Cuando superé la crisis de ansiedad que me provocó la lectura del citado texto, y conseguí dejar de hiperventilar…, busqué infructuosamente la opción ‘del pedante al español’ en el traductor de Google. Busqué también: del engolado, del pomposo, del pretencioso, del cargante, del sabiondo y del redicho al español…pero tampoco tuve suerte.


Entonces pensé que la única opción iba a ser proponer a los ingenieros informáticos que diseñen un teclado para críticos (y escritores en general) con la posibilidad de seleccionar el código “Ctrl+Alt+Suprimir EGO”.


Esta ‘anécdota’ que les cuento, me lleva a reflexionar acerca del empeño que muestran algunos ejemplares de la especie humana en utilizar el lenguaje como barrera, como herramienta de exclusión y como sinónimo de superioridad.
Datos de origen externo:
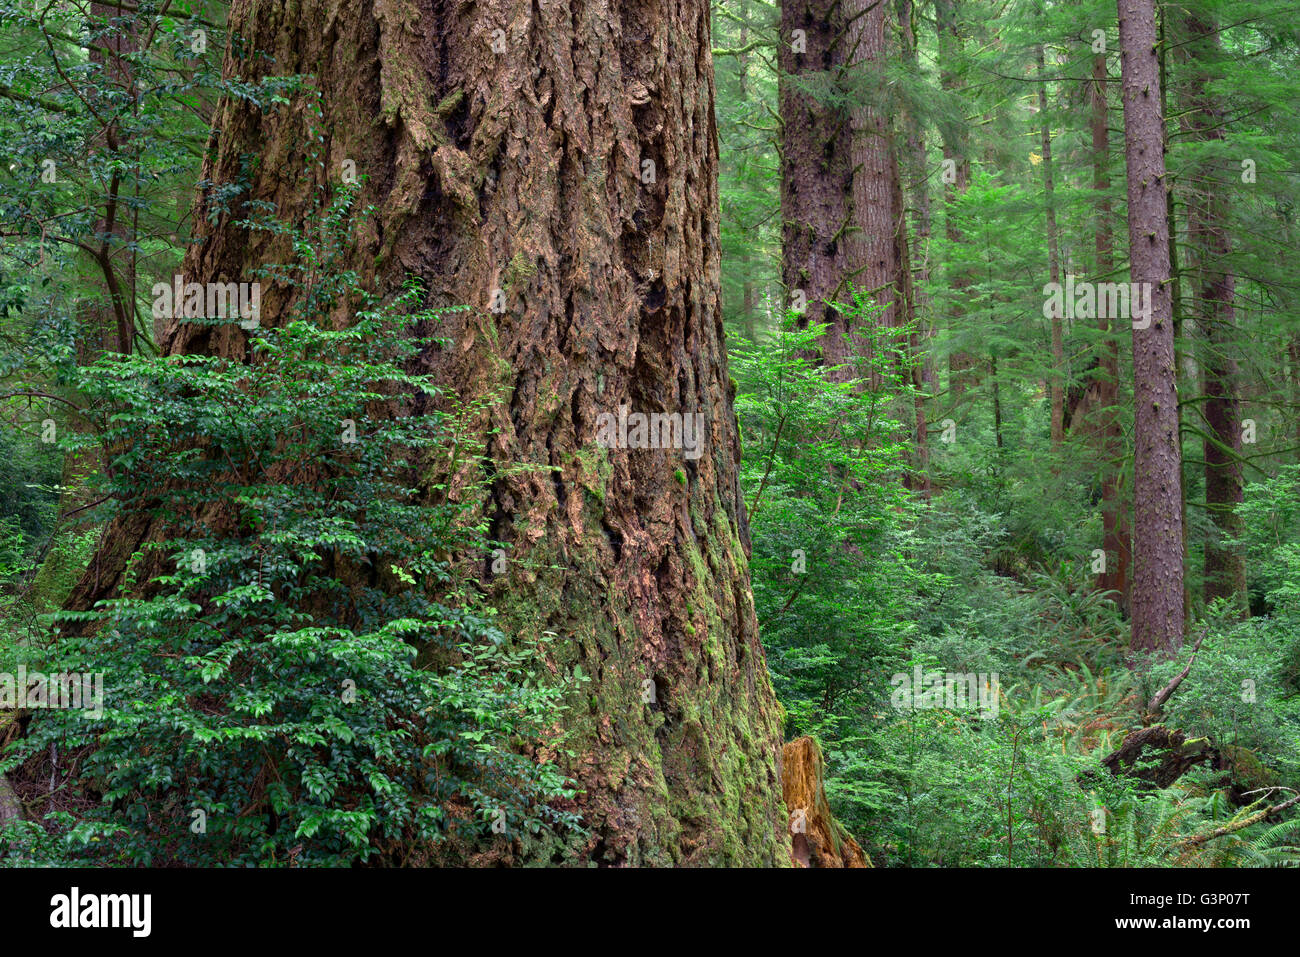 Stati Uniti d'America, Oregon, Siuslaw National Forest, Cape Perpetua Scenic Area, enorme tronco di abete di Douglas e minore Sitka Spruce nella foresta. Foto Stock

Es curioso que estas personas se perciban a sí mismas como ‘comunicadores’, cuando la comunicación consiste en la transmisión ‘exitosa’ de una información desde un emisor a un receptor. Es decir, que si el receptor se queda ‘cogiendo grillos’ o, como dicen por aquí, “pescando fulas” después de recibir tu mensaje, eso… ‘my friend’, NO ha sido “comunicación”. El buen comunicador, siempre será aquel que consigue ‘conectar’ con su audiencia. Y para ello, la prioridad siempre será el mensaje y no el mensajero.


Cierto es que la sencillez es todo un arte, porque no es fácil transmitir conceptos trascendentes o complejos, de forma clara. En cambio, es tremendamente cómodo expresar cualquier banalidad de manera ‘complicada’ para hacerla parecer importante, profunda, crucial o trascendental.


Es llamativo que, siendo la accesibilidad y la inclusión social valores en alza en nuestra sociedad actual, y luchando como se lucha, desde muchos frentes, por conseguir eliminar las barreras que nos separan a los unos de los otros, no nos demos cuenta de que todo empieza en nuestra forma de comunicarnos. Porque la accesibilidad y la inclusión son simplemente, una actitud.